Никто не хотел платить моральных долгов, и у Софьи Андреевны было законное чувство, что она обладает непочатым сокровищем, составленным из чужой неблагодарности, пороков, наносимых ей людьми незаслуженных обид. Софья Андреевна даже испытывала что-то вроде удовлетворения, что мир не возвращает долги по мелочам: по всем законам жизни и литературы, отражающей жизнь, ей полагалось в финале полноценное счастье, соединявшее в ее представлении мир тургеневской усадьбы и победивший космический коммунизм.
Самый неоплатный долг Софья Андреевна числила за мужем – и вспоминала его во всякий праздник, молодого, лобастого, с веселыми глазами цвета коньяка, воротящего намыленную челюсть от безопасной бритвы, что с мокрым шорохом проводила в пышной пене розовые чистые дорожки. Она вспоминала стук его молотка, серии ударов нарастающей частоты, переходящей в звон: когда они внезапно обрывались паузой перед новой глуховатой пробой, становились слышны сияющие в небе облака, беззвучная и трепетная путаница бабочек над мусорной кучей, куда их, казалось, вытряхнули целое ведро, но они никак не могли одолеть горячего плотного воздуха, не могли опуститься. Пронзительно вспоминались разные мелочи: грубый хлебный ломоть возле его тарелки, с крошками на скатерти возле надкушенного угла; коробка из-под дорогих папирос, куда Иван перекладывал пахнувший мокрым деревом дешевый «Север». Пропитая им прабабкина брошка, от которой осталась потертая коробочка – и превратилась в память об Иване; сколоченные им кухонные полки, от которых остались петли и шурупы, от которых остались вмятины и дырки, которые можно было теперь уничтожить, только разрушив дом.

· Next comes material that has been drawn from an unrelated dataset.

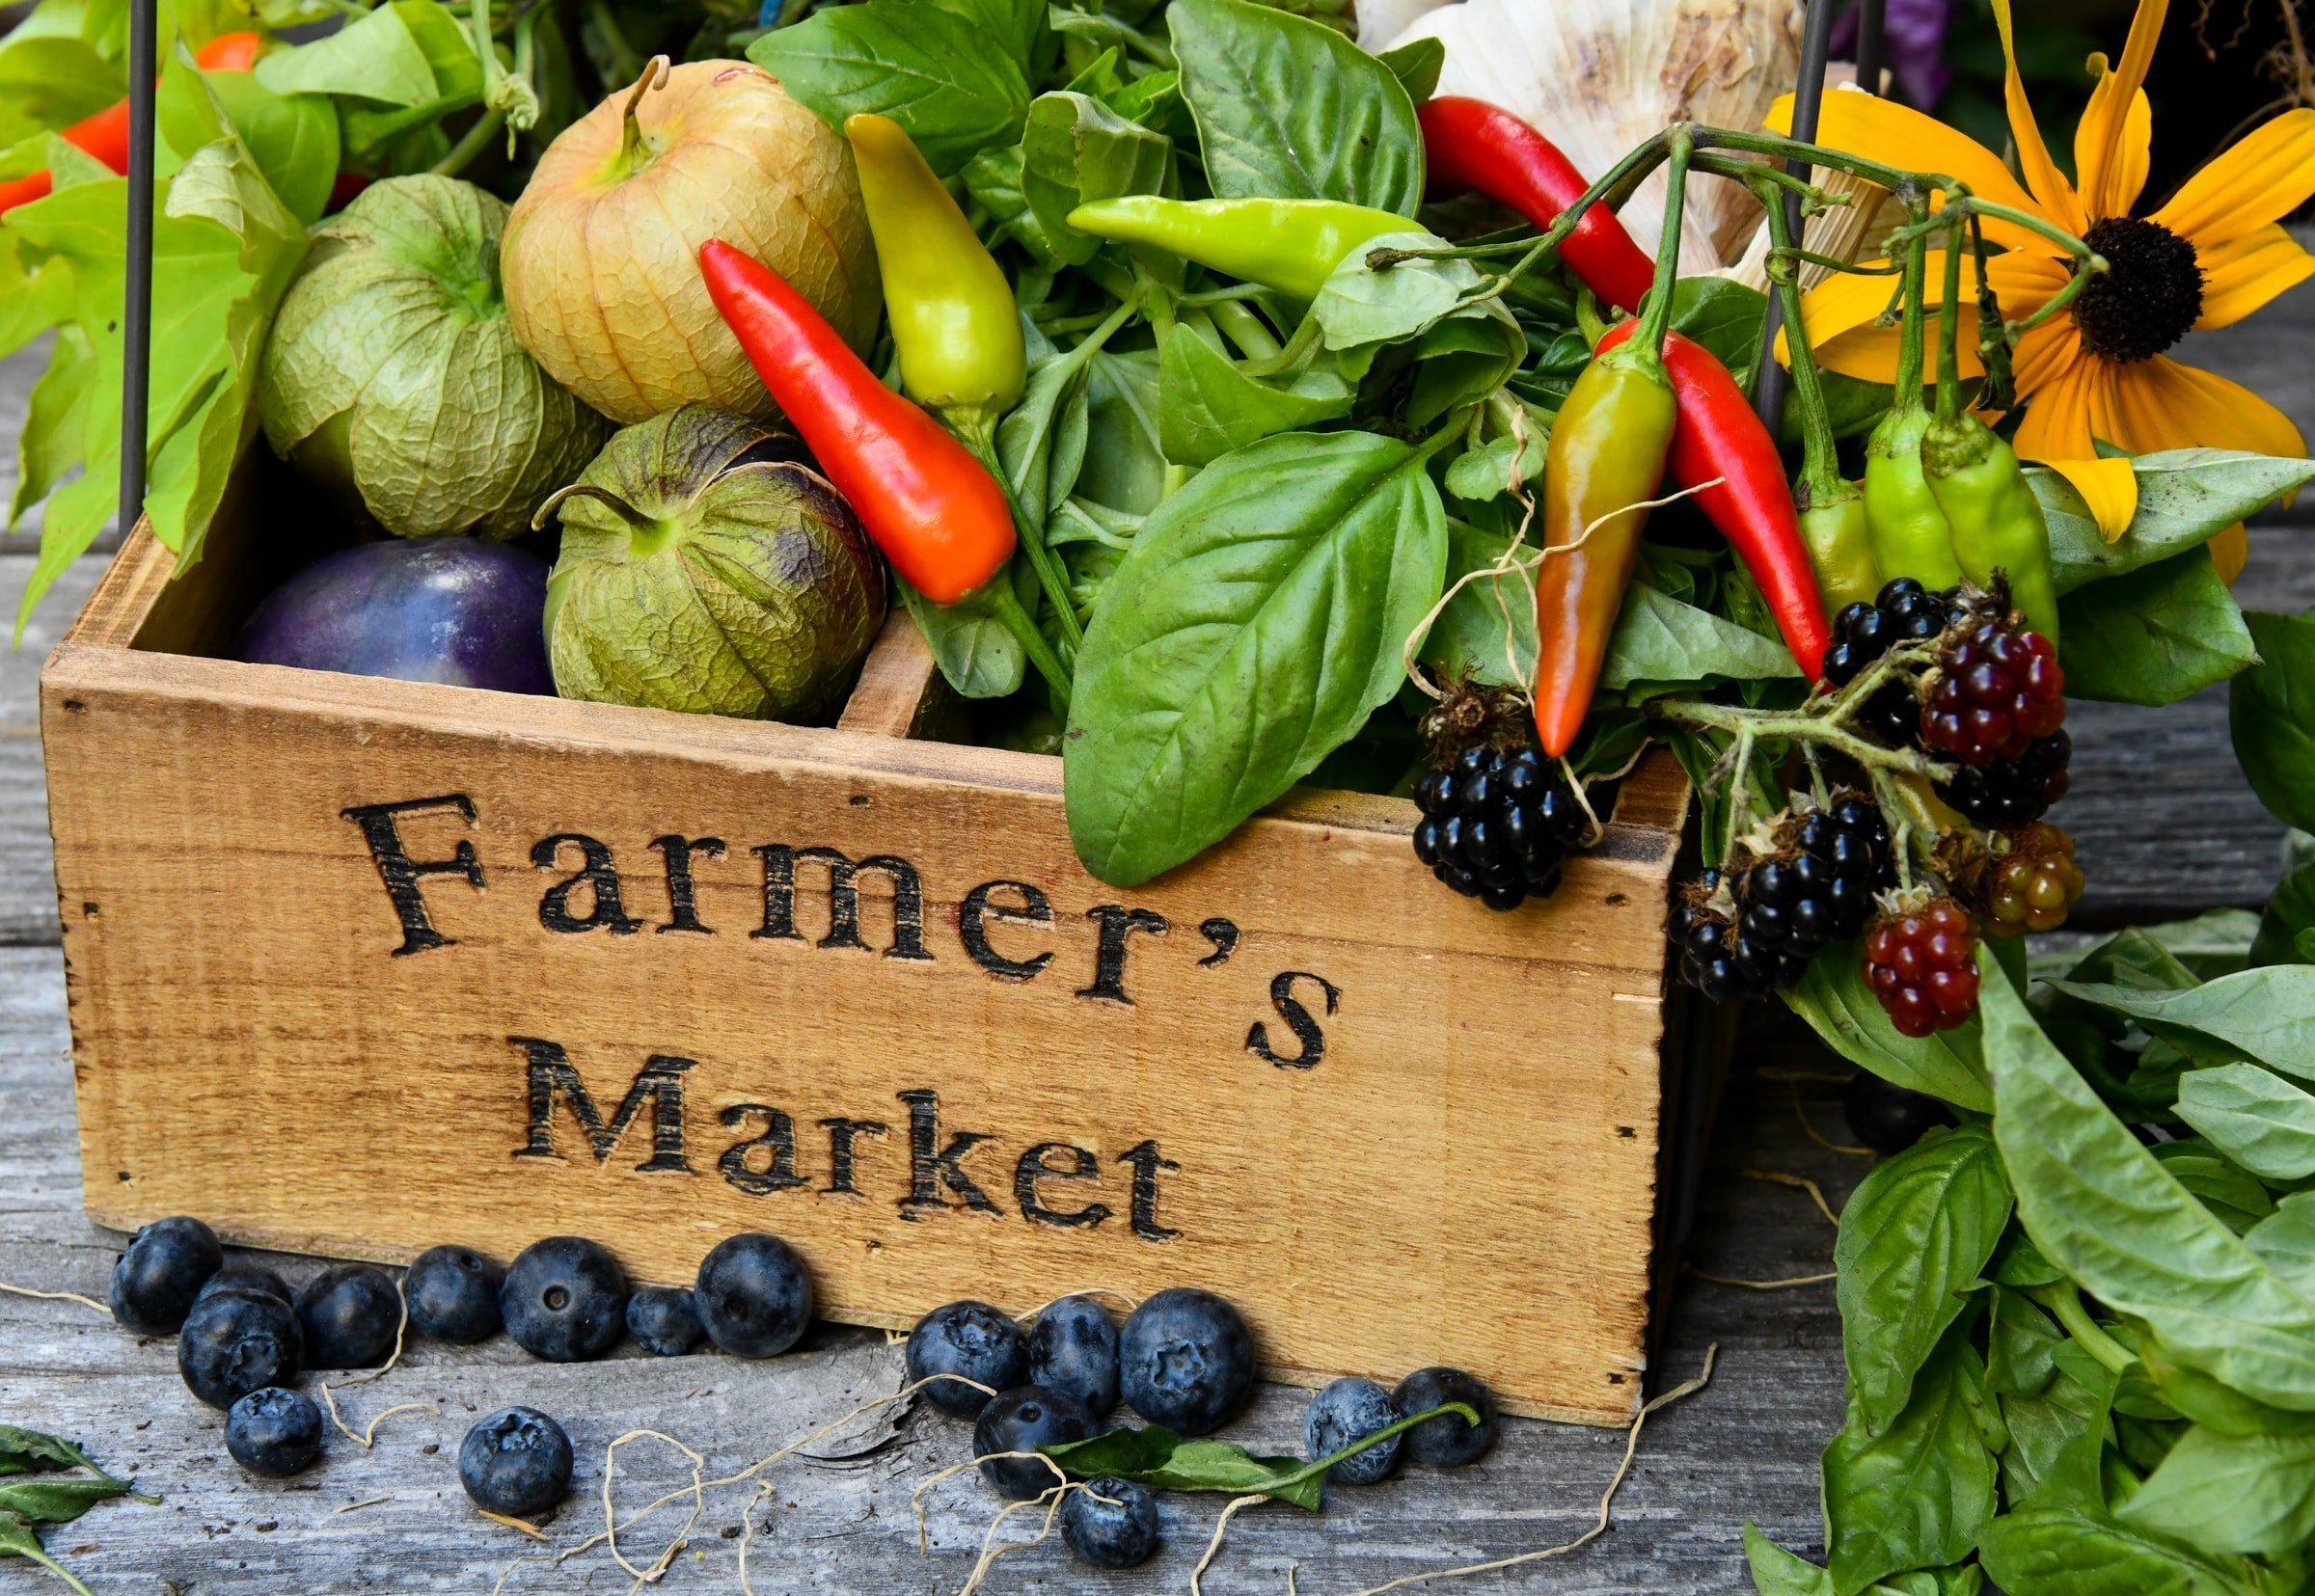 Wooden box labelled 'Farmer's Market' full of vegetables

Они расстались еще до того, как дочь появилась на свет. Только три или четыре раза Иван заявлялся пьяный – с голой вытянутой шеей, с каким-то ясным недоумением в рыжих глазах, с присохшей гадостью на рукаве пальто, из которого он, кобенясь и Пачкая башмаками пол в прихожей, неторопливо вылезал. Софье Андреевне, не терпевшей, чтобы ее позорили, этого оказалось достаточно.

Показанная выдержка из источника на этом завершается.